Start of SUPPLIED RECORDS

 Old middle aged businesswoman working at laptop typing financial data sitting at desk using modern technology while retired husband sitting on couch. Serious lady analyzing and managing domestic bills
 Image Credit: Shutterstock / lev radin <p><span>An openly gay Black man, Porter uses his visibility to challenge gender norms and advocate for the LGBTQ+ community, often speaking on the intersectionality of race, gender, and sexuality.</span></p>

End of SUPPLIED RECORDS
Start of SUPPLIED RECORDS

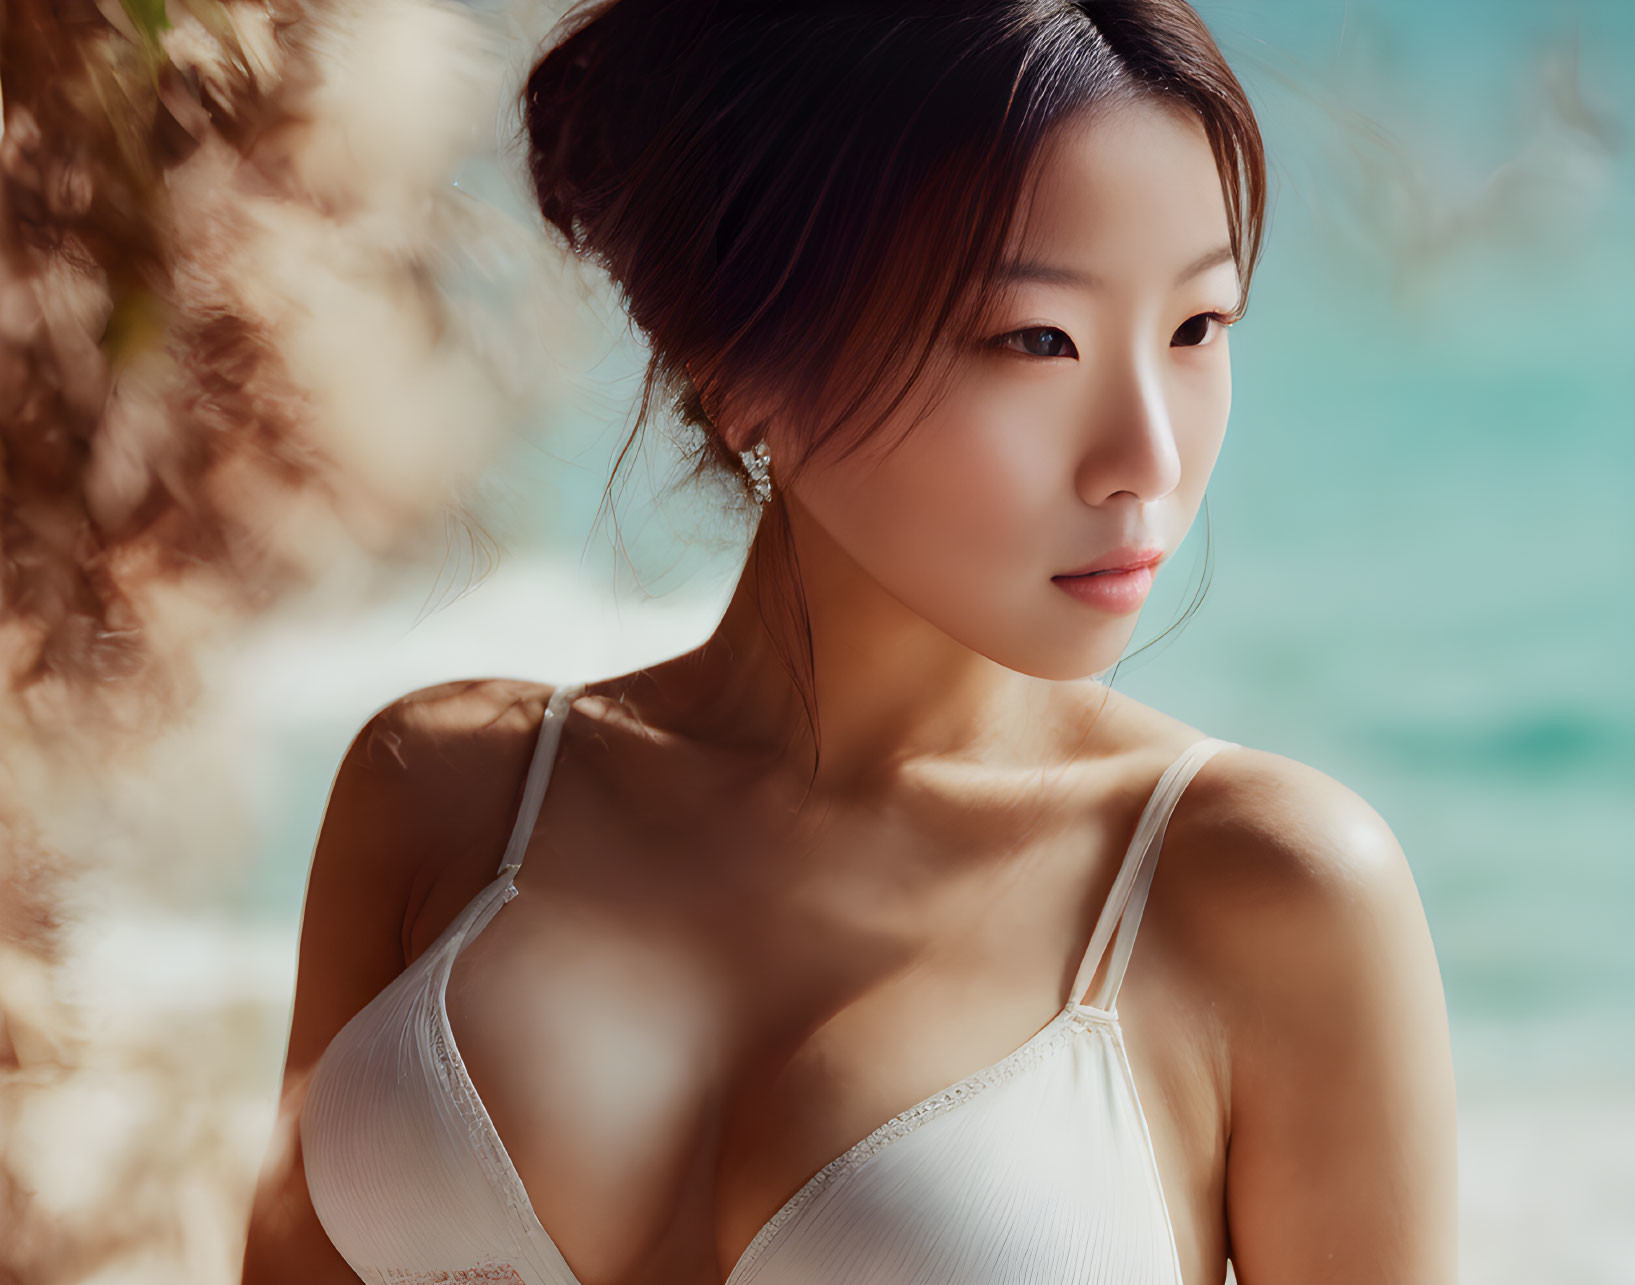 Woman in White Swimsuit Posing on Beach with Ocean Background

End of SUPPLIED RECORDS
Start of SUPPLIED RECORDS

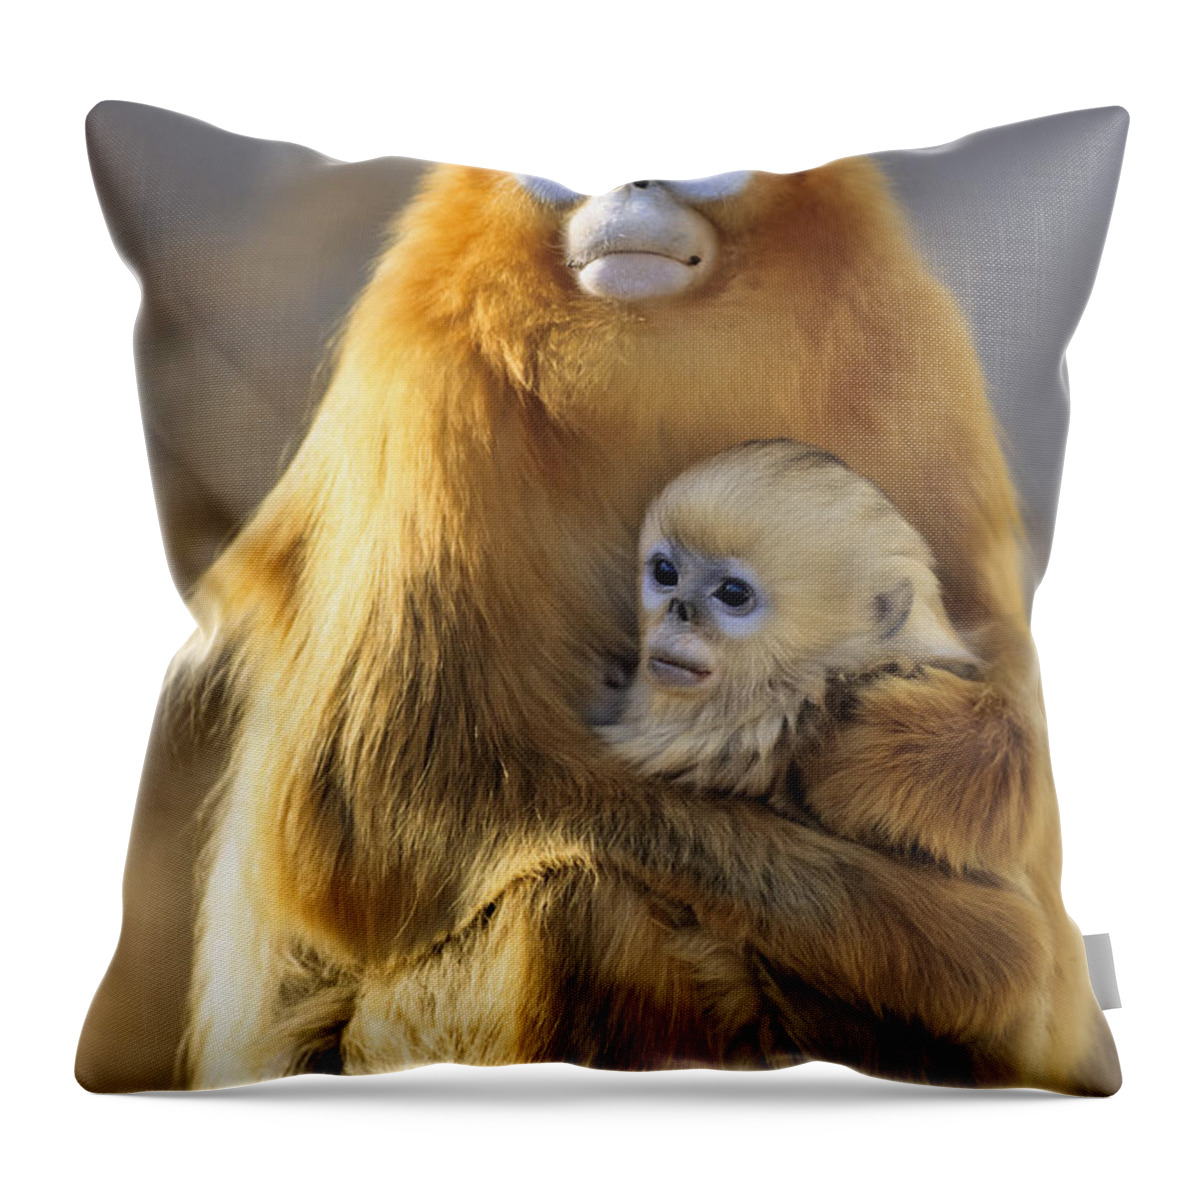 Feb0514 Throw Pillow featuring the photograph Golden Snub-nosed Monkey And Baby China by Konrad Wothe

End of SUPPLIED RECORDS

WORK ITEM. In the listing above, locate the line containing "Old middle aged" and the line containing "Image Credit: Shutterstock", then transcribe both and every line between them verbatim.

SOLVED EXERCISE.
 Old middle aged businesswoman working at laptop typing financial data sitting at desk using modern technology while retired husband sitting on couch. Serious lady analyzing and managing domestic bills
 Image Credit: Shutterstock / lev radin <p><span>An openly gay Black man, Porter uses his visibility to challenge gender norms and advocate for the LGBTQ+ community, often speaking on the intersectionality of race, gender, and sexuality.</span></p>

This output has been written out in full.